75 Джиму Эллисону!

Антитела — это фактически растворимые рецепторы В-клеток. И ко второй половине XX века об антителах уже знали очень и очень много. А вот про рецепторы Т-лимфоцитов (TCR) такое точно нельзя было сказать (напоминалка про иммунитет). В 1960-е ученые понимали, что Т-клетки важны, но не представляли, как у них происходит иммунологическое распознавание. К 1970-м стало ясно, что Т-иммуноциты экспрессируют какой-то мембранный белок, который рецептирует комплекс MHC+антиген. Однако ответственная за это структура оставалась terra incognita — обнаружить ее мечтали многие…

Техасец Джеймс Эллисон с 1977 года работал в научном центре в Смитвилле при онкологическом институте. В его задачи входило конструирование моноклональных антител к клеточной поверхности раковых клеток. Однажды после лекции известного специалиста по гемопоэзу Ирвинга Вайсмана Эллисону на ум неожиданно пришла идея, как изыскать «рецептор-уклонист». Он создал серию моноклональных антител, которые распознавали различные клоны мышиных Т-клеточных лимфом. У каждой Т-клетки на поверхности есть уникальный антигенный рецептор (см. об этом репертуаре). А моноклональные антитела как раз и отличали клоны Т-клеток по вариабельной антигенсвязывающей части TCR. Оставалось только выделить комплекс антиген-антитело, где в роли антигена и выступал TCR! Это произвели с помощью радиоиммунопреципитации. Рецептором оказался гликопротеин, состоящий из двух субъединиц, связанных дисульфидными связями. Их назвали α- и β-цепями. 

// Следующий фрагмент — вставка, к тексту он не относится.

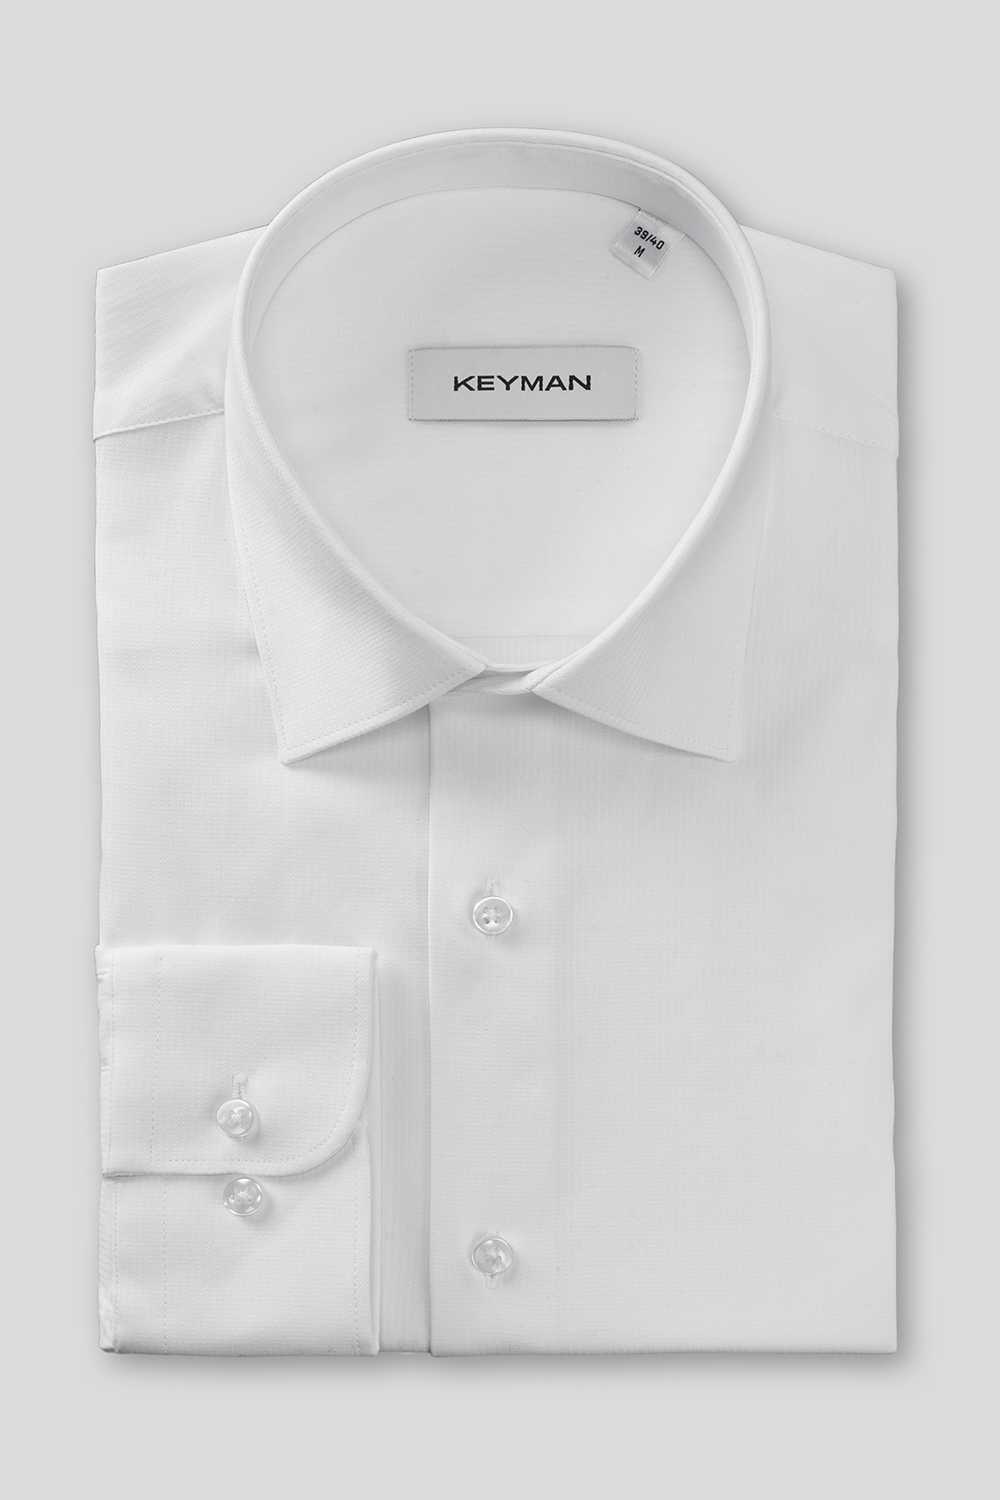 Рубашка мужская белая фактурная в мелкую полоску, классика воротник

1 ноября 1982 года в The Journal of Immunology вышла статья Эллисона об идентификации белковой структуры Т-клеточных рецепторов. Позже в своей нобелевской автобиографии ученый напишет, что это открытие сделало его известным, так что ему даже начали присылать приглашения на серьезные конференции. Обнаружение структуры рецептора Т-лимфоцитов положило начало разгадке тайн Т-клеток. Спустя два года после публикации нашего героя Так Мак и Марк Дэвис клонировали гены молекул TCR, подтвердив выводы Эллисона! Тем не менее Нобелевскую премию он получил не за структуру T-клеточного рецептора. Точнее, не только за него. 

В 1987 году был описан еще один мембранный белок под названием гликопротеин цитотоксических T-лимфоцитов 4 (CTLA-4). Он служит естественным тормозом иммунных реакций, гарантируя, что система по ошибке не атакует здоровую ткань. Но это же и ахиллесова пята иммунного надзора: гиперактивация CTLA-4 может быть частью защиты рака. Эллисон решил проверить, а не приведет ли блокирование ингибирующих сигналов к противоопухолевому действию. С помощью введения антител к CTLA-4 в 1995 году ученому удалось добиться полного исчезновения опухолей у мышей! С тех пор CTLA-4 стали называть иммунным чекпоинтом, то есть контрольной точкой иммунного ответа. Подтвердилось, что рак не ломает иммунную систему, как можно было подумать, а пользуется ее собственной уязвимостью, продуцируя иммуносупрессорные молекулы на поверхности опухолей. 

После успешнейших лабораторных экспериментов у Эллисона целых два года ушло на то, чтобы продвинуть свою идею чекпоинт-ингибитора фарме. И затем стартовал длительный период исследований, разработки, доклиники и клиники. Наконец, в 2011 году антитело «Ипилимумаб» против CTLA-4 одобрило FDA. Сегодня препарат применяют для лечения меланомы последней стадии, которая ранее была смертным приговором!

За прорывные работы в иммуноонкологии (а на самом деле по совокупности заслуг во всей Т-клеточной иммунологии) Джеймс Патрик Эллисон в 2018 году удостоился Нобелевки по физиологии и медицине вместе с японцем Тасуку Хондзё. А в 2019 году о сложном пути ученого, мама которого умерла от рака, когда ему было всего 11 лет, сняли фильм «Джим Эллисон: прорыв», который полюбился зрителям.